# Is there an online tax calculator for Spain?



## dazzah

hello there,

I'll be moving to Spain in August and have a salary of around 35K euro per annum. Is there anywhere I can find out how much income tax etc I'm likely to be paying on this, so I can work out roughly what my take home salary per month is going to be?

Any advice would be really appreciated!

Thank you


----------



## atlast

Since you already have a job, could you ask your employer's human resources department for an estimate of your takehome pay? Also ask what other types of withholding there will be.


----------



## DUCC

dazzah said:


> I'll be moving to Spain in August and have a salary of around 35K euro per annum. Is there anywhere I can find out how much income tax etc I'm likely to be paying on this, so I can work out roughly what my take home salary per month is going to be?


Your salary will be taxed at a rate of approx. 18 %. Your social security contributions (Health, old age, unempl.) will amount to approx. 2 %. If You calculate deductions of approx. 20 % in total from Your gross salaray, You are at the safe end.

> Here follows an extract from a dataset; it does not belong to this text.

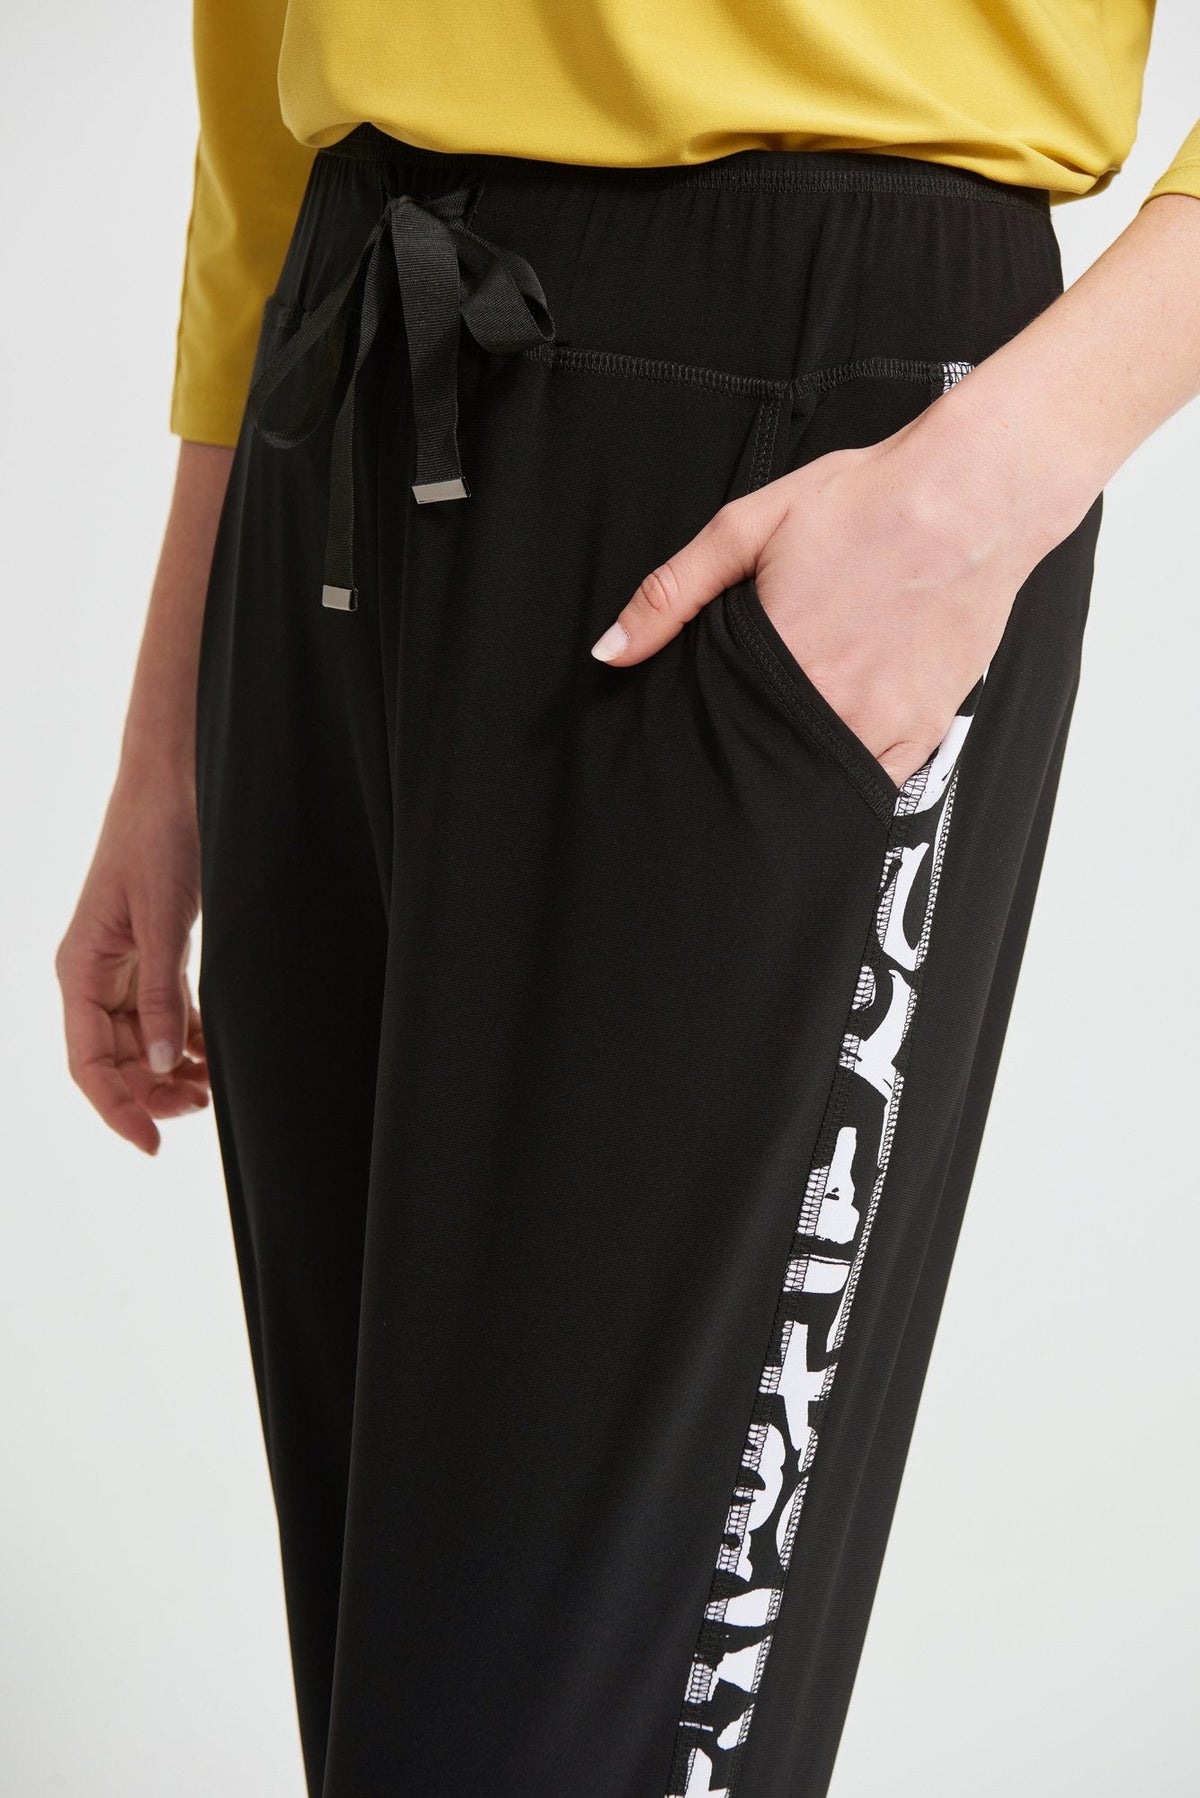 Pantalon Joseph Ribkoff - 213627 couleur BLACK/VANILLA - Boutique Vvög, référence en mode pour homme et femmes

In case You buy Your first private home, You can deduct up to approx. 9000 from resulting in annual tax benefits of approx. net 1800 Euros. Depending on the nature of Your contract there might other tax savings might apply.


----------



## Goldberg

There are tax calculators online, if you go to google and type in spanish taxes you should get some, then please put on the site for others.


----------



## ruimelo

dazzah said:


> hello there,
> 
> I'll be moving to Spain in August and have a salary of around 35K euro per annum. Is there anywhere I can find out how much income tax etc I'm likely to be paying on this, so I can work out roughly what my take home salary per month is going to be?
> 
> Any advice would be really appreciated!
> 
> Thank you


Hi,

Probably is too late, but you can check the tax calculation in the following site: (it has also other countries)

(Replace the spaces with dots)
www calculateyournetsalary com/calculate-net-salary-in-thenetherlands html


----------